Вошел Эврилох. Некогда кто-то пытался подпортить бывшему штурману лицо. Через весь лоб и до самой левой щеки проходил внушительный шрам. Коле нравились мужчины со шрамами, несмотря на то что Эврилох по сравнению с ним выглядел все еще чертовски хорошо. Штурман держал свои руки так, чтобы Коля их видел. Он знал, что предстоит разговор с недоверчивым человеком, и вопросов задавал мало. С ним можно иметь дело.
— Я хочу, чтобы ты вел наши дела тем же курсом, пока я буду в Куше драться за Аарона. Сумеешь?
Эврилох смотрел на него умными серыми глазами. Если он и удивился такому предложению, то вида не подал.

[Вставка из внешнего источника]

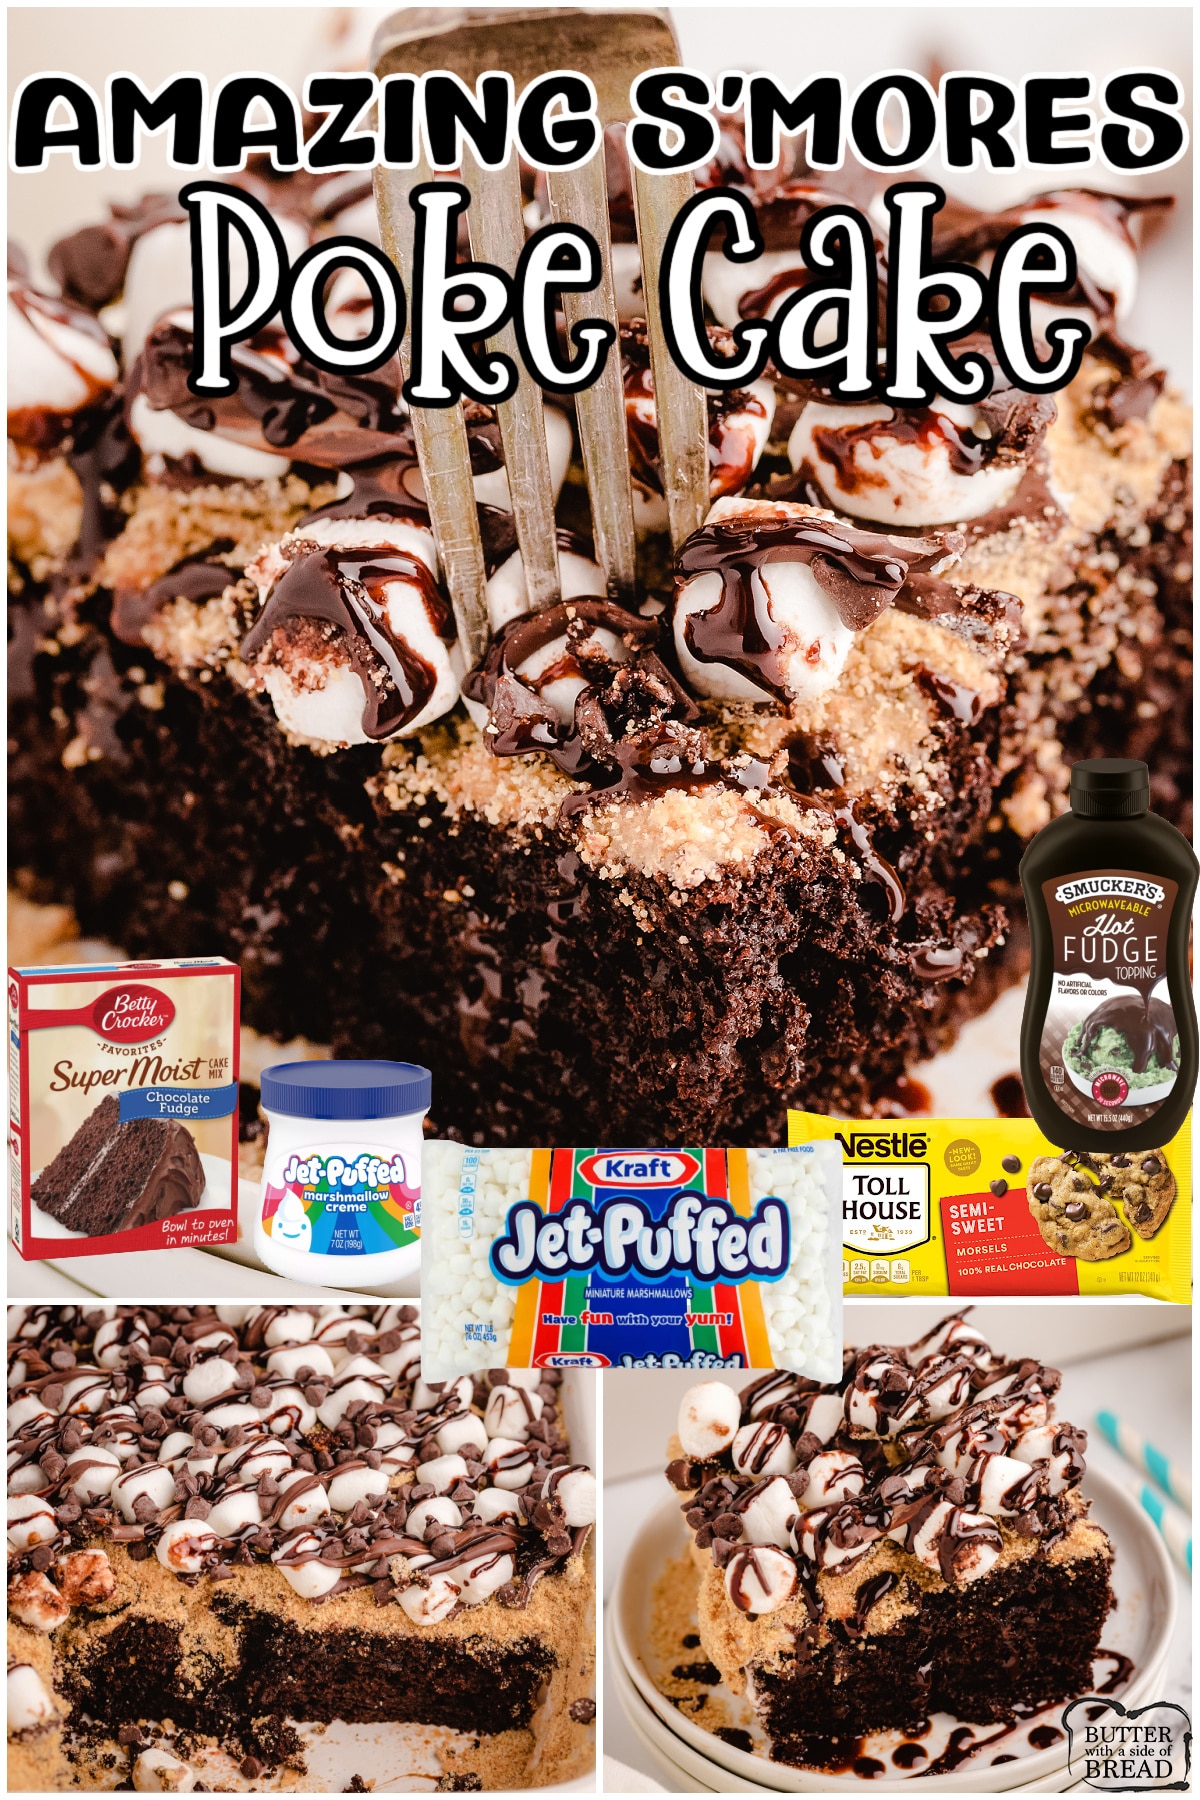 S'mores Poke Cake made with a chocolate cake mix topped with marshmallow cream, graham cracker crumbs, mini marshmallows & chocolate drizzle! S'mores in poke cake form that everyone enjoys!

— Первым делом позаботься о наших гостях в подвале, — произнес через некоторое время Коля. — Я пообещал Володи, что не трону их даже пальцем. А поскольку он неглуп, то чуть позже заставил меня поклясться, что этого не сделает никто из нас.
Эврилох улыбнулся.
— А цапотцы других не хотят забрать?
— К сожалению, все не так просто. Им интересны только светловолосые. Но подойди-ка со мной к окну. Решение совсем рядом.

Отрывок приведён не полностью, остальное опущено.